MONITORAGE DE LA VOLEMIE

Benoît Tavernier
Département d'anesthésie réanimation chirurgicale 2, Hôpital Claude Huriez, CHRU de Lille

            La volémie, ou masse sanguine totale, est un des facteurs essentiels de l'équilibre hémodynamique de l'organisme. Elle représente environ 7 % du poids du corps, soit cinq litres chez l'adulte. Les artères systémiques ne contiennent que 12 à 14 % de la volémie alors que le système veineux (hors circulation pulmonaire) en contient 60 à 70 % [1]. L'intérêt de la mesure de la volémie tient au fait qu'elle est un déterminant majeur du retour veineux vers le cœur, donc du débit cardiaque, et, in fine, de la fourniture aux  tissus de l'oxygène. En pratique, le monitorage de la volémie est donc le plus souvent assimilé à celui de la précharge ventriculaire, déterminant du débit cardiaque. Cependant, volume sanguin total et retour veineux évoluent de façon dissociée sous l'influence d'autres déterminants du retour veineux. Ainsi, l'augmentation de la capacitance veineuse entraîne une hypovolémie "relative" (induction de l'anesthésie générale ou péridurale, anaphylaxie, choc septique). A l'inverse, l'hypovolémie absolue, au moins chez le patient éveillé, est accompagnée d'une vasoconstriction prédominant dans le territoire splanchnique qui vise à maintenir le retour veineux à sa valeur initiale. En pratique, plus que la valeur absolue de la volémie, ce qui intéresse habituellement le médecin face à une situation hémodynamique donnée est de savoir quelle sera la "réponse", en terme de débit cardiaque, à une intervention thérapeutique susceptible de modifier la précharge cardiaque (expansion volémique, modifications des réglages de la ventilation mécanique par exemple).
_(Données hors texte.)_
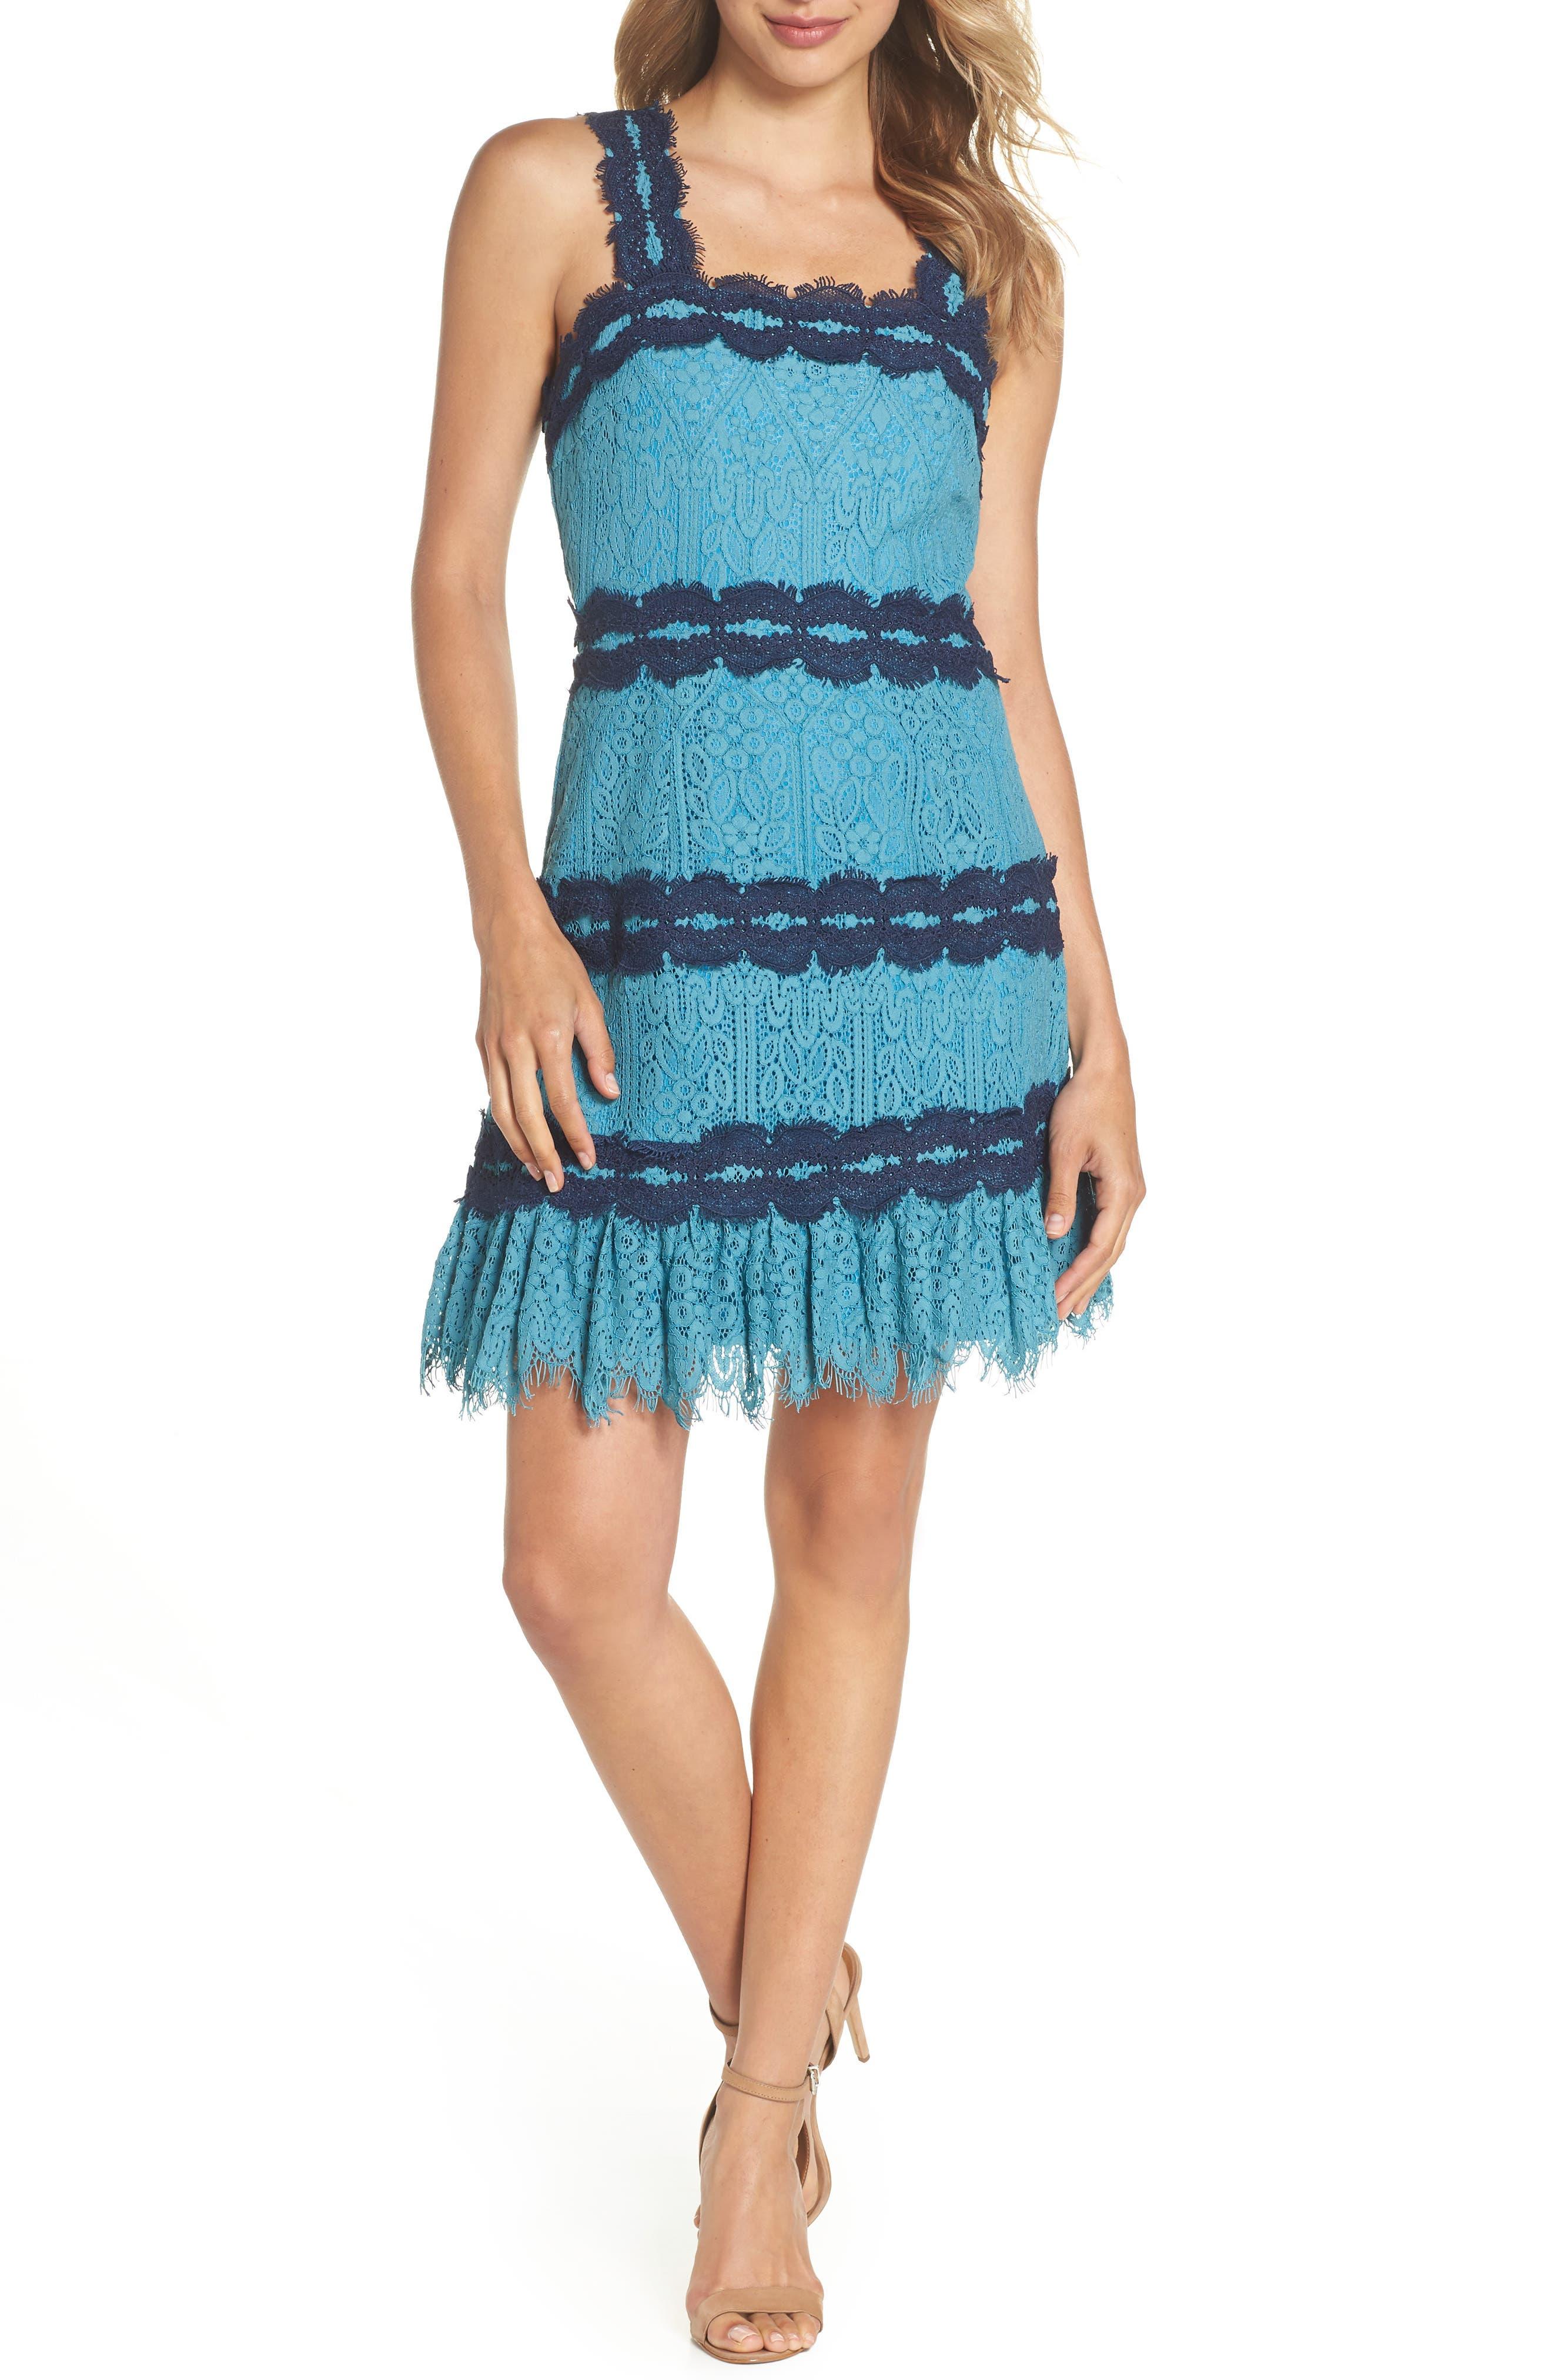 Lula Ruffle Lace Dress,                             Main thumbnail 1, color,                             TEAL/ NAVY

            Les signes cliniques (dont la pression artérielle, la fréquence cardiaque, la diurèse), en dehors de situations évidentes, manquent de sensibilité comme de spécificité, que ce soit pour le diagnostic d'hypovolémie ou pour la conduite d'un traitement visant à modifier la volémie [2,3]. La prise en charge de nombreux patients en instabilité hémodynamique nécessite donc de recourir aux investigations paracliniques. Les plus classiques sont obtenus par l'exploration hémodynamique invasive. La mesure de la pression veineuse centrale (PVC) reflète la pression télédiastolique du ventricule droit (VD), la pression artérielle pulmonaire d'occlusion (PAPO) reflète la pression télédiastolique du ventricule gauche (VG). De nombreux travaux et mises au point dans la littérature ont souligné le manque de fiabilité de ces deux paramètres pour estimer correctement la précharge ventriculaire et prédire la réponse au remplissage vasculaire [4-7]. Il n'en reste pas moins que des valeurs basses sont associées à l'hypovolémie et que les valeurs augmentent en réponse au remplissage. De plus, le cathéter de Swan-Ganz, nécessaire à la mesure de la PAPO, permet aussi la mesure du débit cardiaque, paramètre que l'on cherche à modifier en intervenant sur la volémie d'un patient. De plus, la PAPO permet d'estimer le retentissement de l'interaction volémie-fonction ventriculaire gauche sur la circulation pulmonaire d'amont, et donc le risque d'œdème pulmonaire [6]. Certains cathéters artériels pulmonaires permettent de mesurer le volume télédiastolique du ventricule droit (VTDVD). Plusieurs études ont montré que le VTDVD prédisait la réponse du débit cardiaque au remplissage vasculaire mieux que la PVC et la PAPO [revue in 8]. Cependant, les résultats obtenus restent insuffisants pour utiliser de façon fiable le VTDVD dans cette indication.

            Le caractère invasif et le manque de fiabilité des mesures de pression pour l'estimation de la précharge ventriculaire, en particulier du ventricule gauche, ont amené à proposer la mesure directe des dimensions ventriculaires par échocardiographie transoesophagienne (ETO). La mesure de la surface télédiastolique du VG (STDVG) en incidence transgastrique (dite coupe "petit axe" du VG, passant par les piliers de la valve mitrale) a ainsi été proposée comme étant le "gold standard" de l'évaluation de la précharge ventriculaire gauche en clinique [9,10]. La STDVG varie très précocement lors de modifications induites de la volémie (hémorragie et remplissage) [11,12]. Cependant, en dehors des contraintes de matériel et d'opérateur qui lui sont inhérentes, plusieurs travaux récents ont montré que la valeur de la STDVG ne prédisait pas de façon fiable la réponse du débit cardiaque au remplissage vasculaire [7,13]. En effet, le volume télédiastolique "optimal" des cavités cardiaques (c'est-à-dire celui qui permettra le débit cardiaque le plus élevé à un moment donné) varie d'un patient à l'autre et d'un moment à l'autre, ne permettant pas de définir une dimension-seuil pour une population de patients [13].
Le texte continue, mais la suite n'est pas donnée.